针对热点/热路径代码进行深度合规性审计。AI可逐行读取性能报告文本,并结合源代码,实现函数级别的精准分析。识别热点路径,报告禁用模式,并提出优化建议。识别与优化是相互独立的考量因素。

SKILL.md
--- frontmatter
name: low-latency-audit
description: >
  Deep compliance audit for hot/warm path code. AI reads perf report text
  + source code for function-level precision. Identifies hot paths, reports
  banned patterns, and suggests fixes. Identification and optimization are
  separate concerns.

Low-Latency Audit

Deep compliance audit driven by AI reading perf report text + source code directly.

Shell scripts collect data (perf record/report). AI does the analysis. This audit:

  • Reads perf report text to understand what code is hot (sample percentages, call chains)
  • Reads source code to understand function boundaries, templates, lambdas
  • Identifies banned patterns in hot code with function-level precision
  • Produces two outputs: identification report (what is hot, what patterns exist) and fix suggestions (how to address findings, for human review)

When to Use

  • After implementing hot/warm path code — final compliance gate
  • Before marking implementation tasks complete (touching HOT/WARM code)
  • When spec latency claims seem ungrounded — cross-check with data
  • Periodic review — catch drift as code evolves

When NOT to Use

  • Spec quality review — use /spec-review instead
  • Running benchmarks — run them first, then use this to interpret

Inputs

  • No argument: audit all hot/warm path code in the project
  • File path: audit a specific file
  • --spec: also audit spec files for latency claim compliance

Workflow

Phase 1: Profiling Data Check

  1. Check profile-results/perf-reports/ exists and has .txt files
  2. If missing: warn "No profiling data — run tools/profile-hot-path.sh". Cannot identify hot paths without data. Do NOT fall back to directory-based guessing.
  3. If present: read the perf report text files
  4. Check freshness: compare timestamp against most recent .h/.cpp modification
  5. If stale: warn "Profiling data may be outdated — consider re-running"
  6. If profile-results/flamegraph.svg exists, reference it for visual analysis

Phase 2: Hot-Path Identification (AI-Driven)

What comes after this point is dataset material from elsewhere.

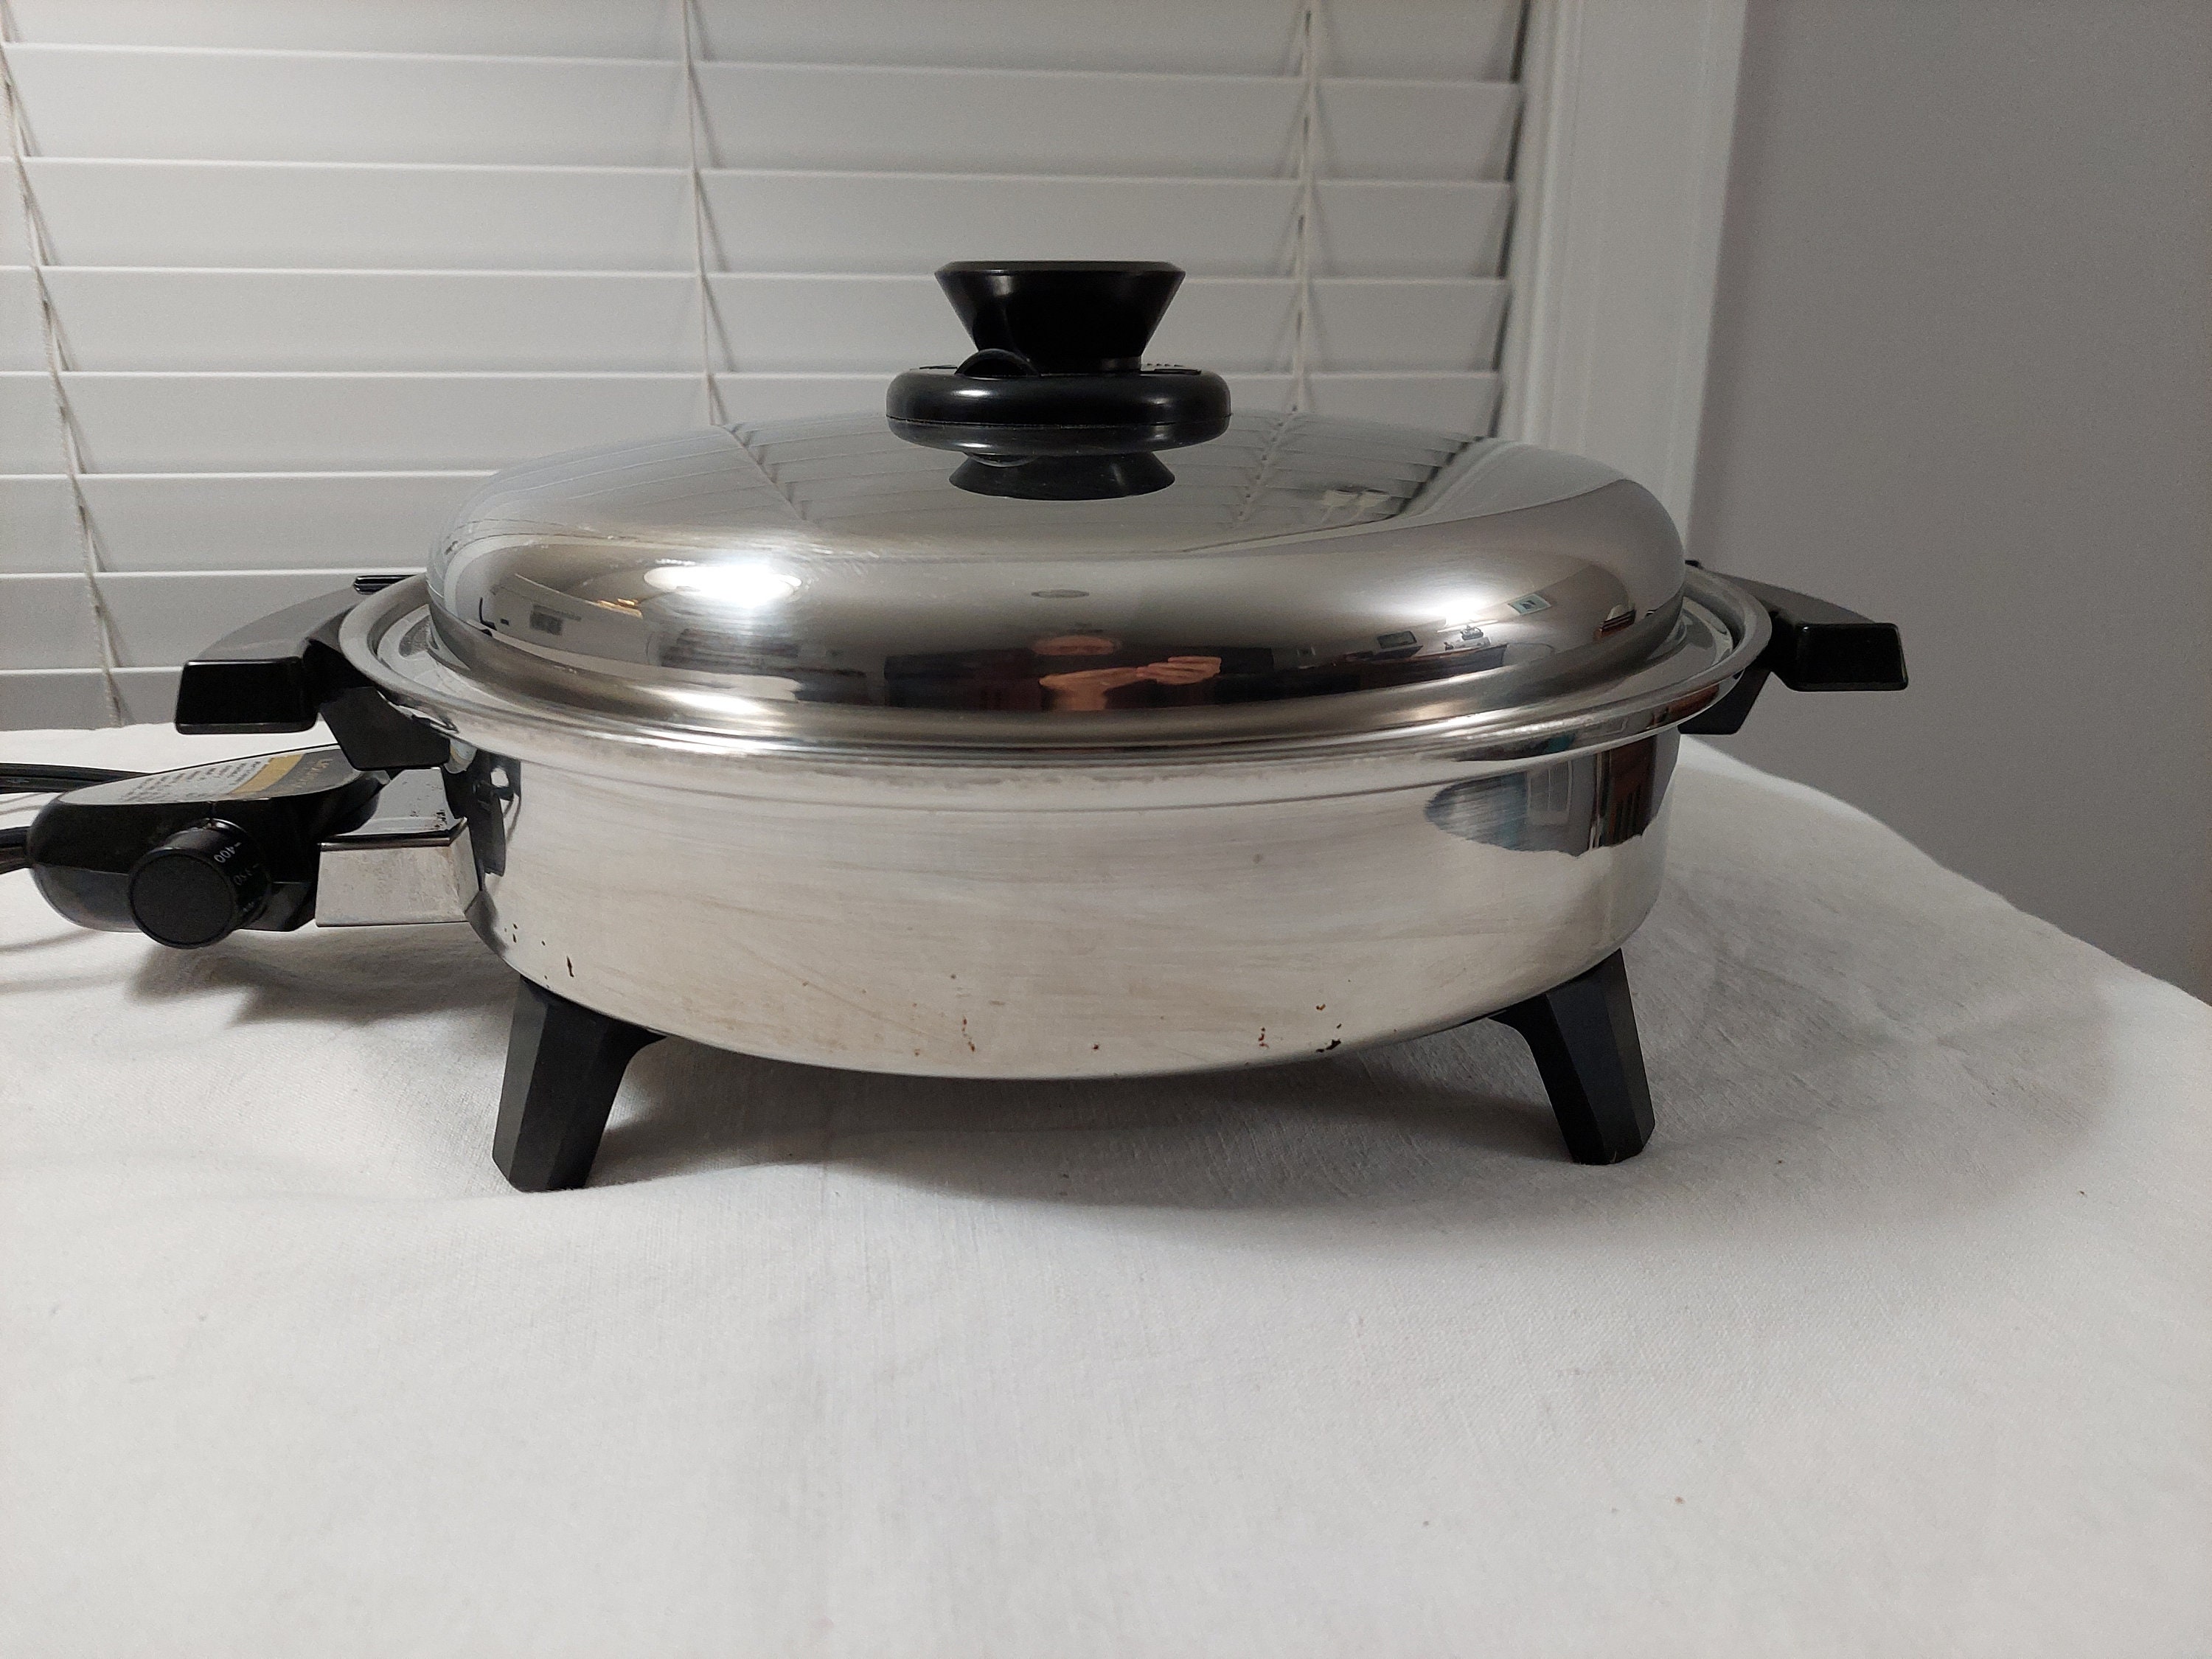 Vintage Electric Fry Pan hamilton Beach With Thermostat, Model HL29-3,  Circa 1960s, Very Good Vintage Condition. 
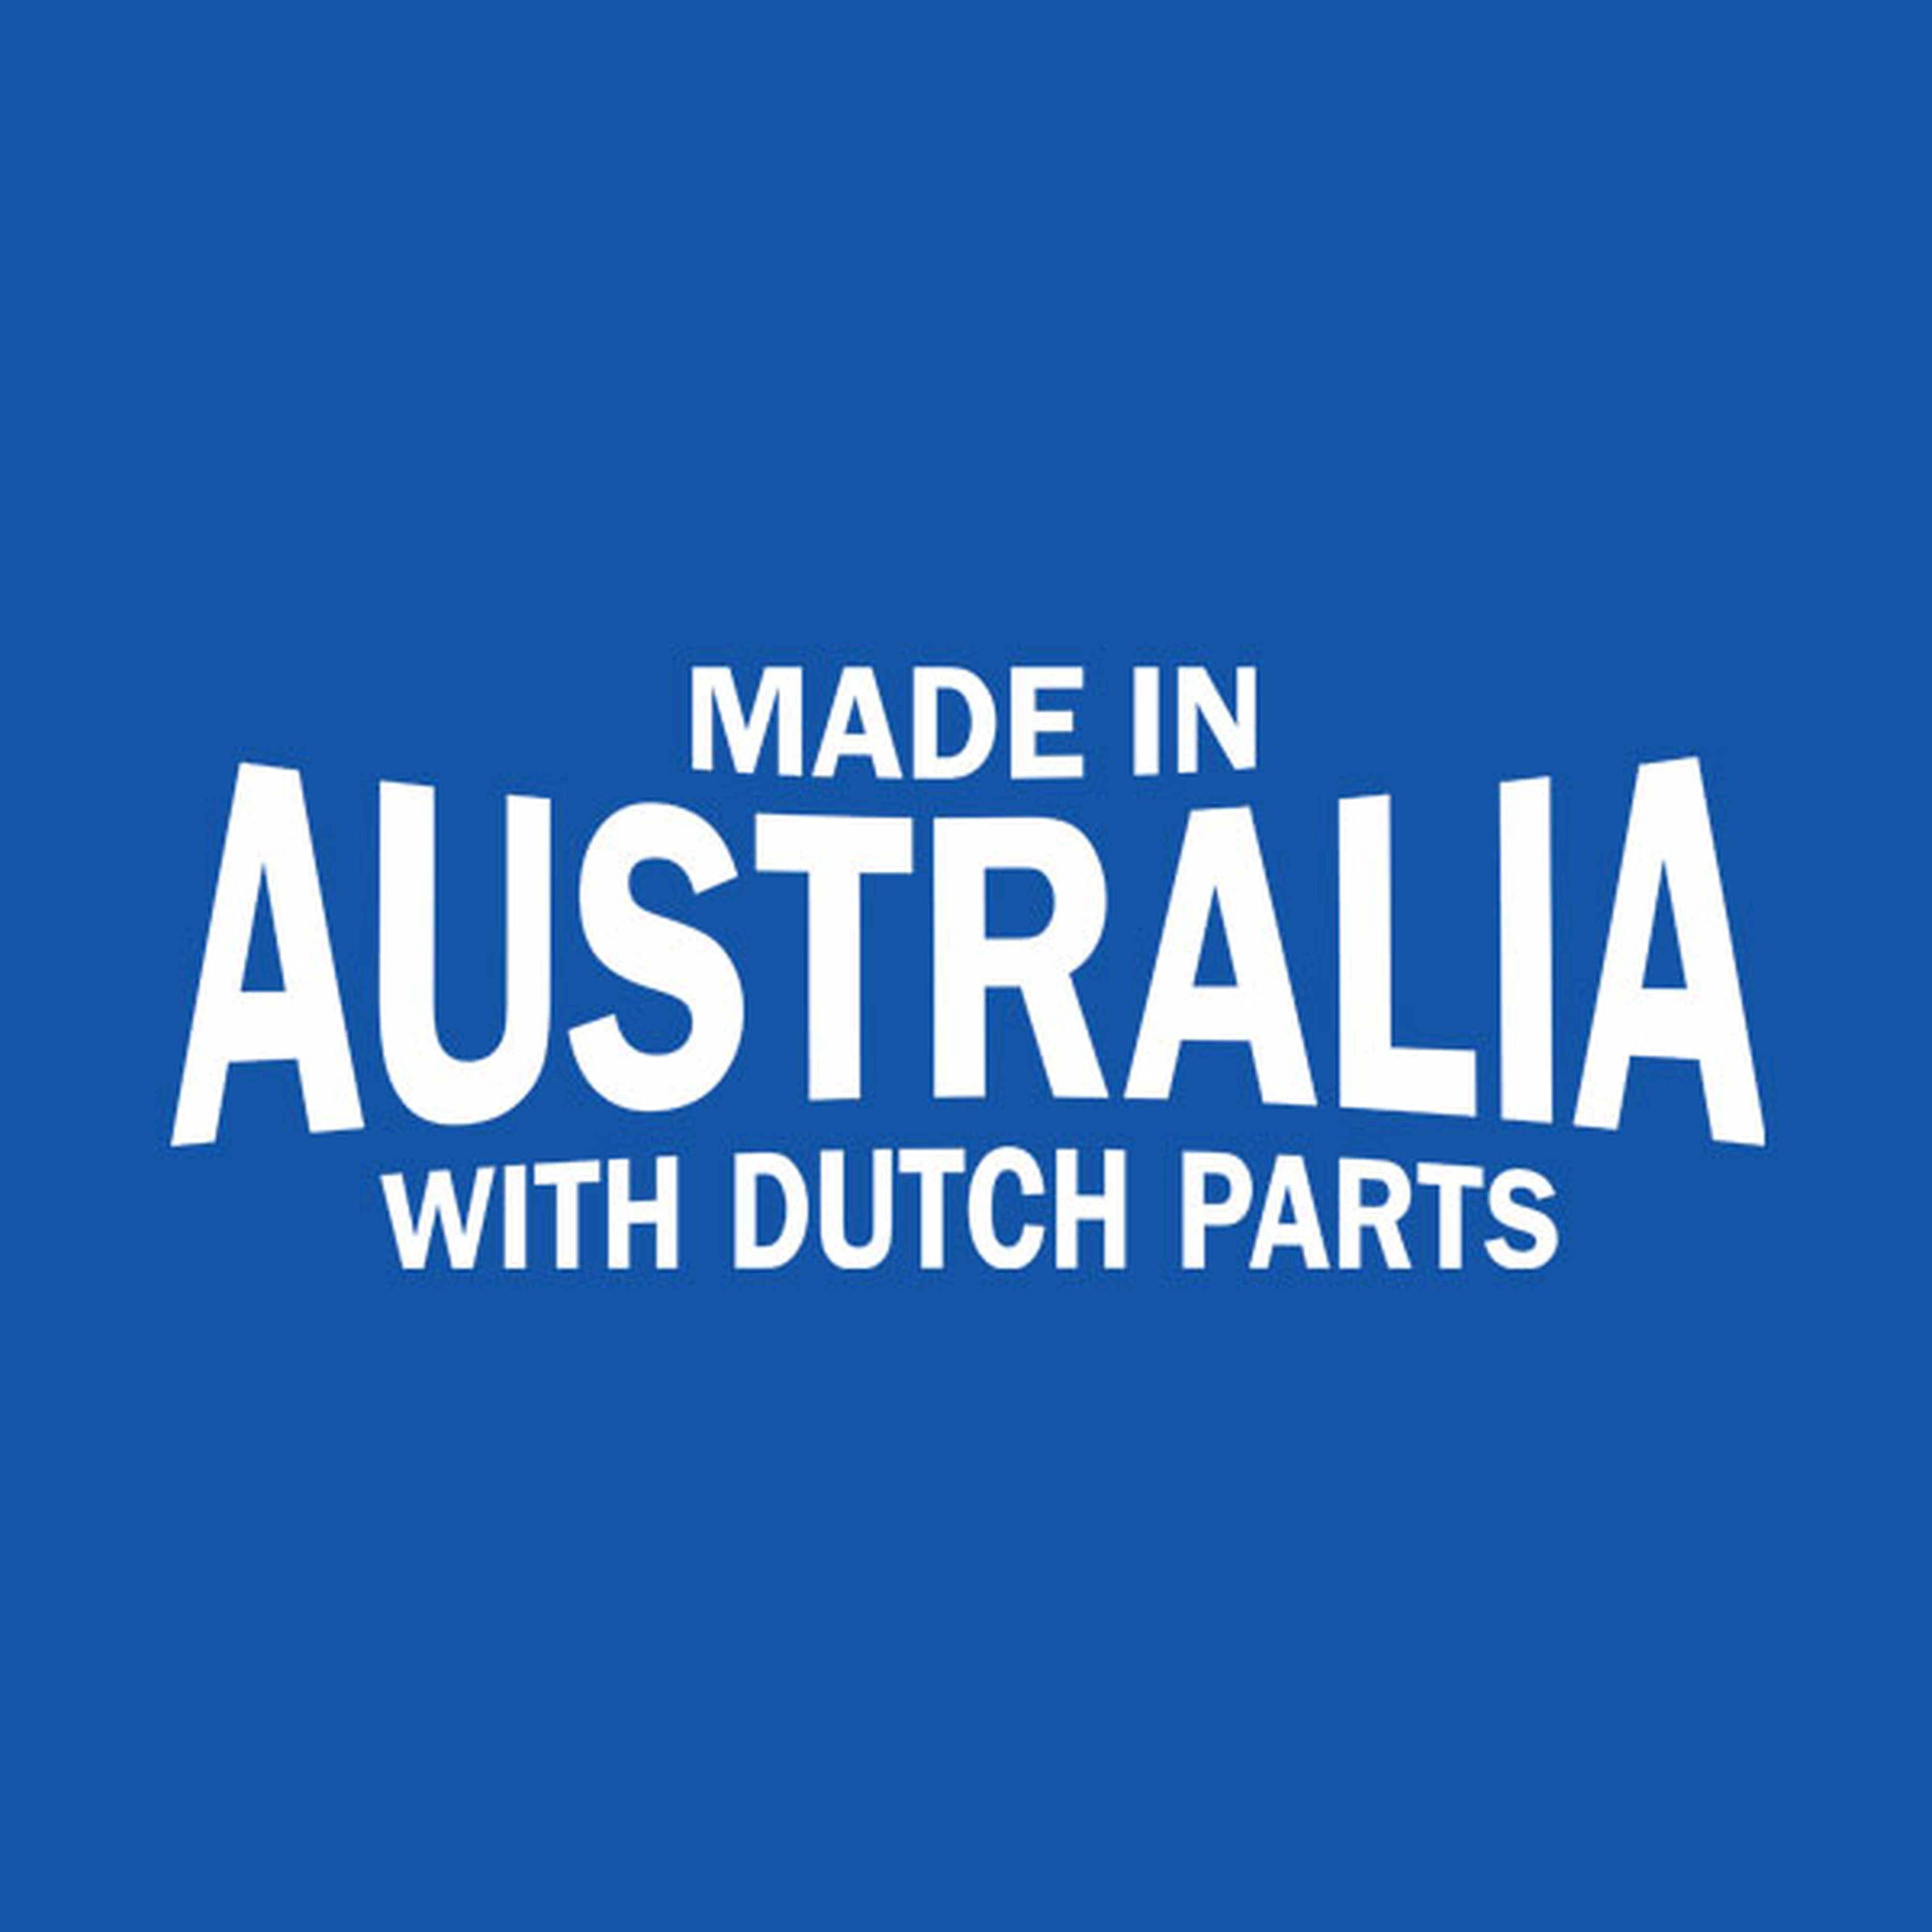 Made in Australia with Dutch parts

Read perf report text files in profile-results/perf-reports/. Each file contains:

  • Default view: symbol-level profiling (comm, dso, symbol with sample percentages)
  • Source file attribution: which source files contribute to hot code

For each perf report:

  1. Identify project source files in the "Source file attribution" section
  2. Read those source files using Read tool
  3. Cross-reference symbols from the default view with source code to identify specific hot functions
  4. For each hot function, check for banned patterns
  5. Classify findings:
    • Banned pattern found: report file:line, pattern type, sample context
    • Design constraint: pattern exists due to external requirements (e.g., exchange JSON protocol requires float parsing) — report as finding, do NOT filter out
  6. Coverage gap detection: identify modules/elements that have no corresponding benchmark. These represent blind spots in hot-path coverage. Recommend writing benchmarks.

Key principle: report ALL findings. Do not judge whether a finding is "acceptable" or "fixable" during identification. That is a separate concern for the fix suggestions section.

Do NOT call check-hot-path.sh — that is a freshness reminder, not an analysis tool.

Phase 3: Fix Suggestions

For each finding from Phase 2, provide a fix suggestion:

  • Actionable fix: concrete code change (e.g., "convert float price to int64_t tick units")
  • Design constraint: explain why the pattern exists, suggest isolation strategies (e.g., "move float→int conversion to a dedicated function, minimize hot-path exposure")
  • No fix needed: explain why (e.g., "compiler intrinsic, not actual floating point")

Fix suggestions are for human review — they are recommendations, not actions to take.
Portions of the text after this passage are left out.